Penalty, External Audit Requirements for False Statement in Export Matter
A California company and its CEO have been assessed a $221,000 civil penalty by the Bureau of Industry and Security to settle a claim that they violated the Export Administration Regulations. BIS is also requiring these two entities to ensure that an unaffiliated third-party consultant with expertise in U.S. export control laws completes two audits of the company’s export controls compliance program.
According to BIS, the bureau’s Office of Export Enforcement had notified the company that a prior shipment of aircraft parts to one customer had been detained for further investigation while the company was in ongoing discussions with OEE about its export business with that customer. To replace some of those detained parts, which are subject to the Export Administration Regulations and designated EAR99, the company arranged to export the parts to another customer and then deliver them to the original customer in China.
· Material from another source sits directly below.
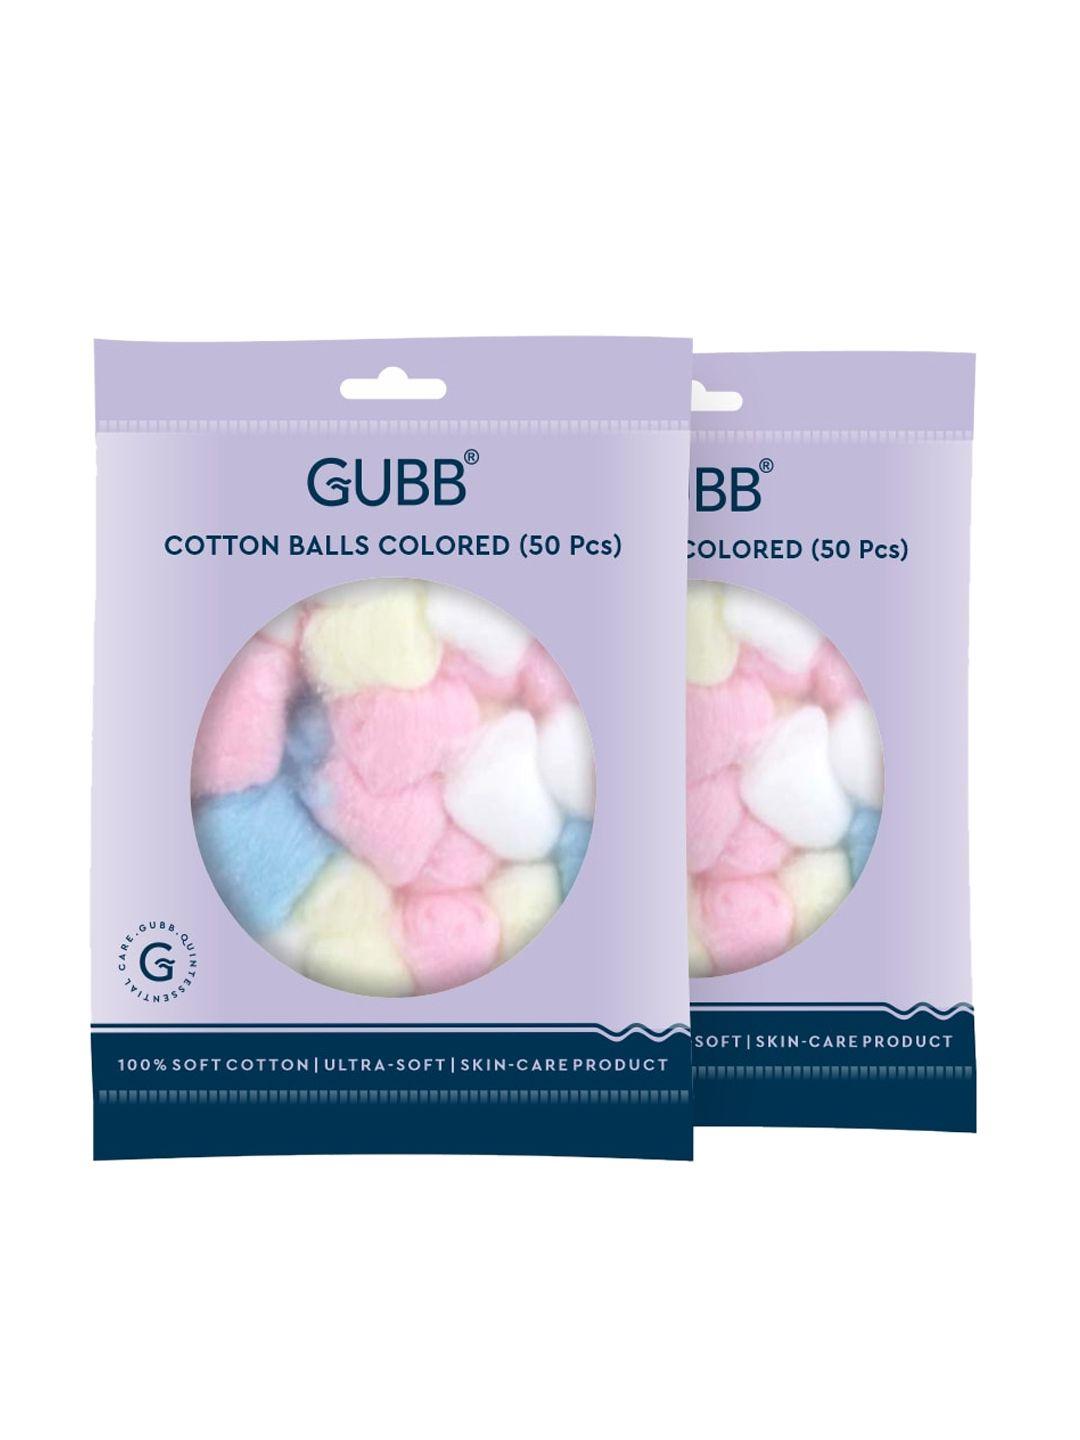 gubb-set-of-2-facial-cotton-balls-for-face-&-eyes-makeup-remover-cleanser-wipes

In connection with this scheme the company submitted (through a freight forwarder) electronic export information that falsely identified the ultimate consignee of the exported goods and deliberately did not inform OEE of this shipment during a subsequent meeting. Further, BIS states, the company declared the value of the parts to be significantly below their true value.
BIS is suspending $181,000 of the civil penalty for four years, and will waive it thereafter, provided that the company and its CEO (a) timely pay the remaining $40,000, complete the required audits, and submit the audit results and (b) commit no further export violations during that time. BIS is also suspending a denial of export privileges subject to the same conditions.